We have chosen to translate this article not only for its useful investigation of the structure of algorithmic labor governance, but also for the interesting position that its publication––and the outpouring of similar reporting on precarious delivery workers––marks in regard to the economic position of delivery workers and the platforms that employ them. While we will explore the history and current dynamics of China’s so-called “platform capitalism” in our upcoming piece, with an eye to the role that the current media recognition of platform workers might play in signaling an end of the anything-goes expansion of platform industries, here we want to note the conflictual terrain that gave rise to these forms of reporting: Renwu’s investigation comes as China’s sluggish recovery following the COVID-19 outbreak has seen broadening inequality. Government stimulus has focused primarily on enterprises and middle-class consumers, rather than on the migrant workers who saw the most significant loss of income (as much as 75 percent during the height of pandemic lockdowns in February and March, according to Stanford University’s Rural Education Action Program).
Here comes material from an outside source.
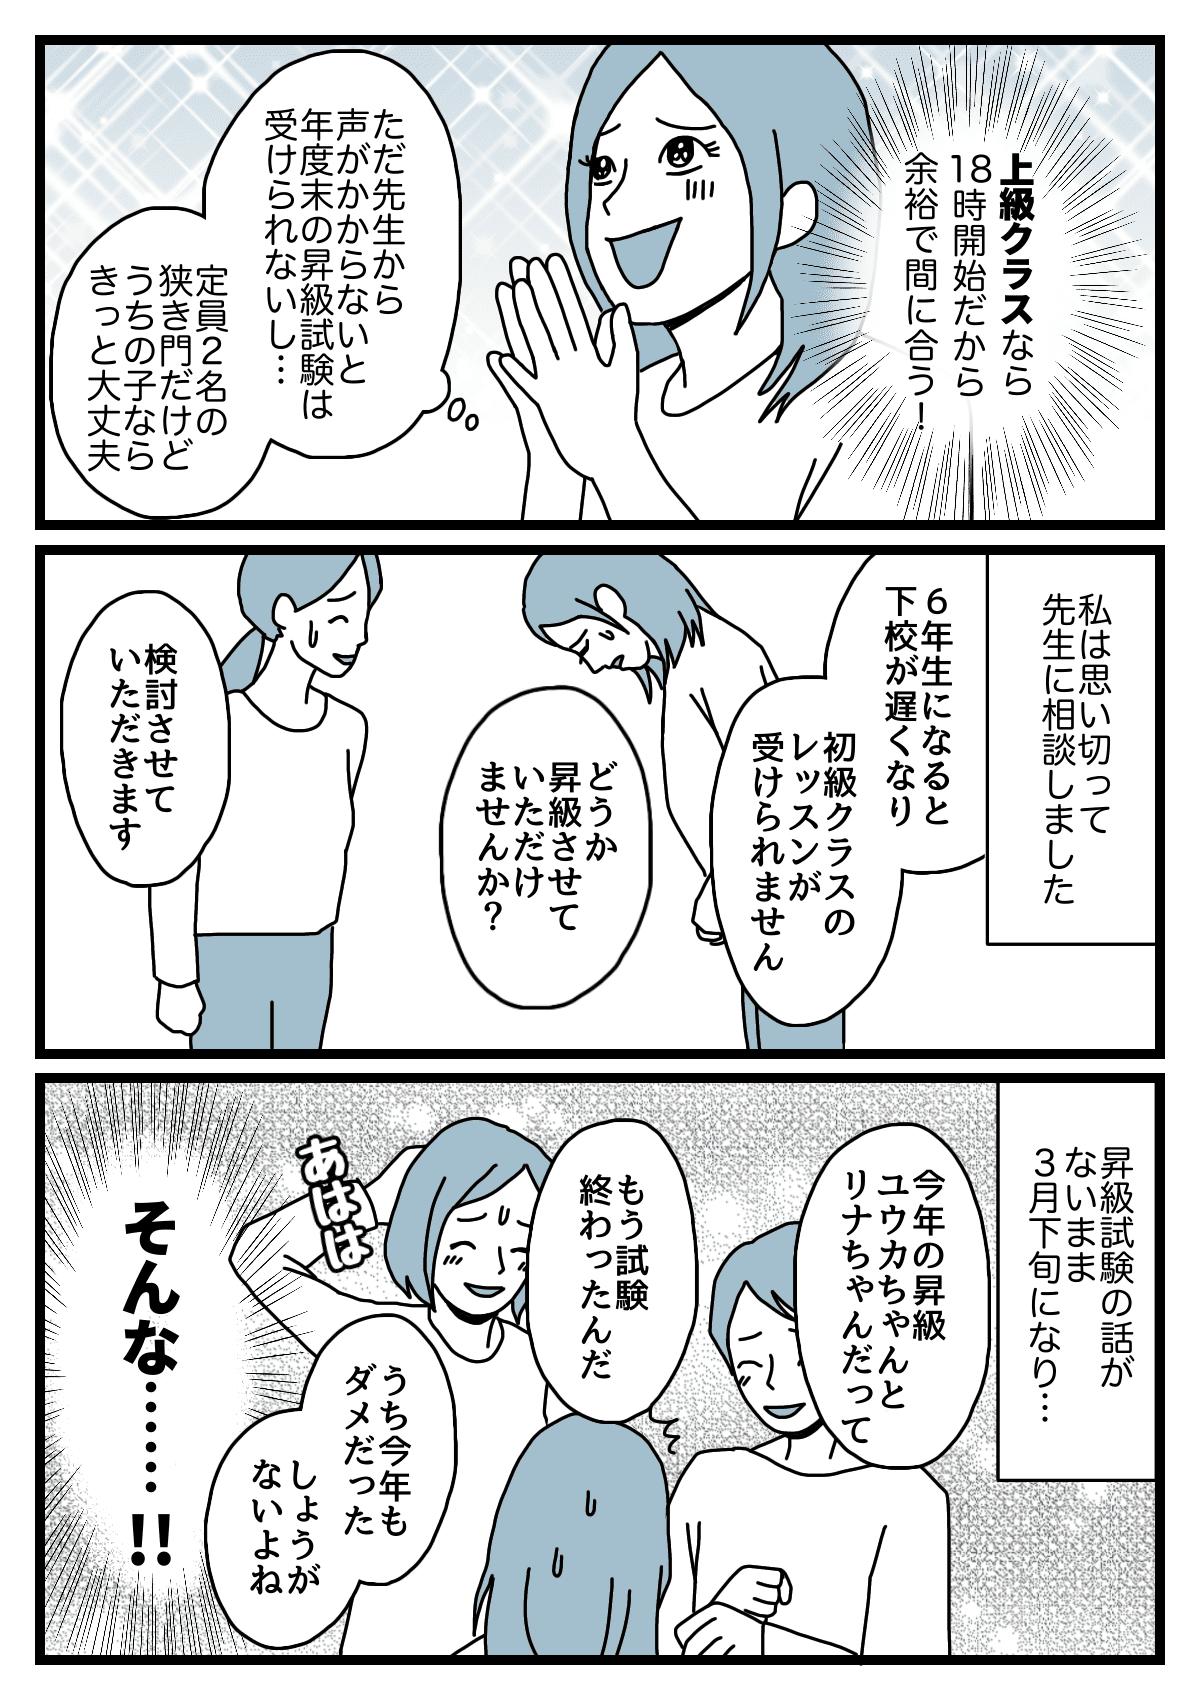 【前編】習い事2
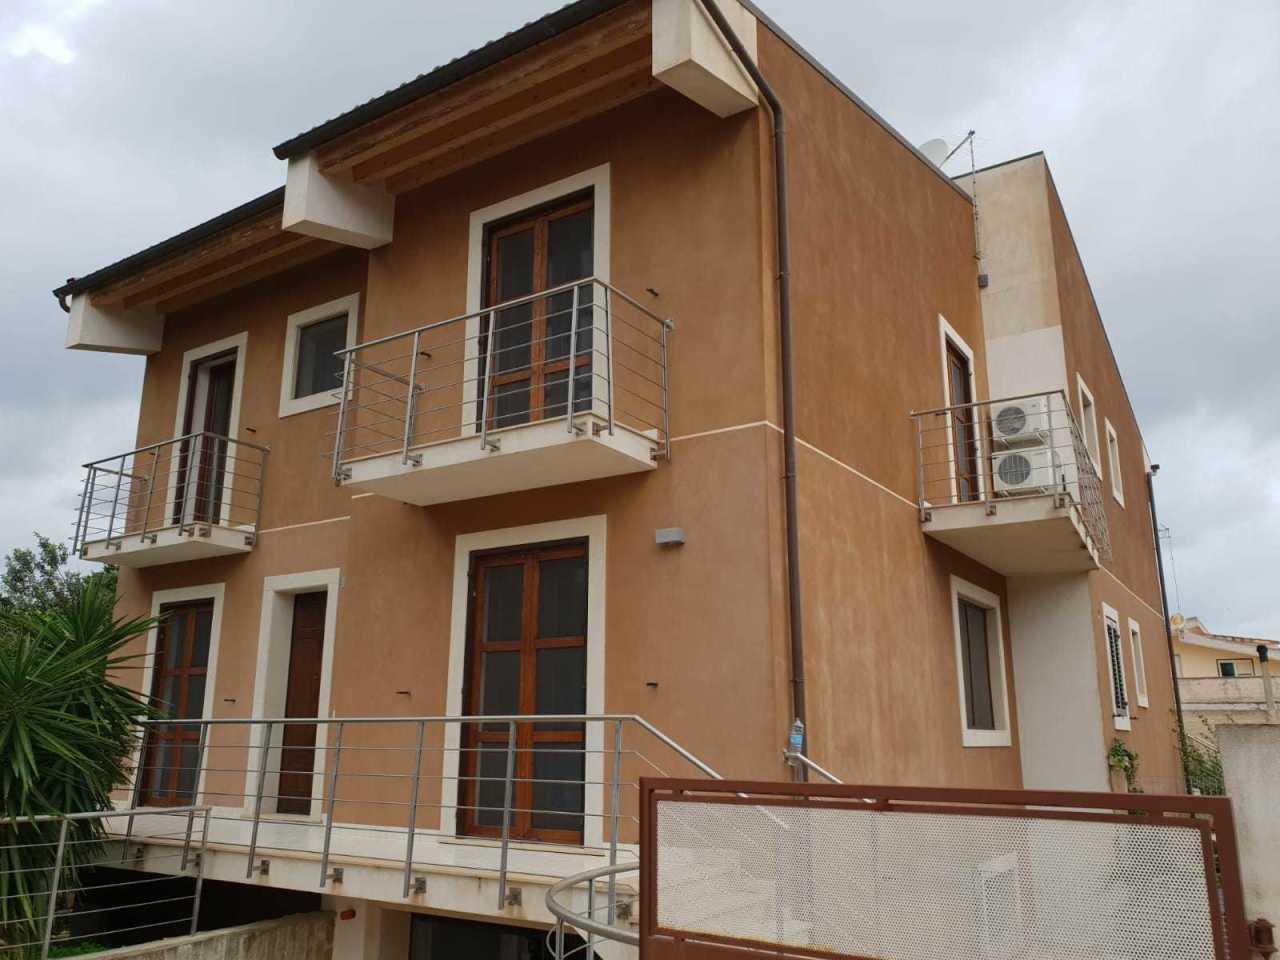 Indipendente - Villa a Città Giardino, Melilli

At the same time, officials such as Premier Li Keqiang have highlighted the informal sector as the solution to China’s rising unemployment. Finally,  Renwu‘s investigation of the negative impacts of the Meituan/Ele.me duopoly comes as the Chinese government is seeking to assert increased control over major tech companies, with new antitrust guidelines released November 10th targeting tech giants including Meituan. On the same day, a post by the Cyberspace Administration urged Chinese tech companies not to allow Chinese consumers to become “prisoners to algorithms,” echoing the framing used in Renwu’s article.

 

Ultimately, this report demonstrates that rising dependence on the informal sector without social safety nets is likely to result in decreased wages and increased vulnerability for workers. In addition, by directing stimulus through businesses, including Ele.me and Meituan, the state is subsidizing the systems that oppress them, further concentrating wealth in the hands of a few major companies. With its focus on a sector that intentionally displaces risk onto workers, Renwu’s article vividly demonstrates the negative repercussions of inadequate social safety nets and weak protection for workers, as well as the growing and largely unchecked control of tech firms over the nature of reality and consumption itself.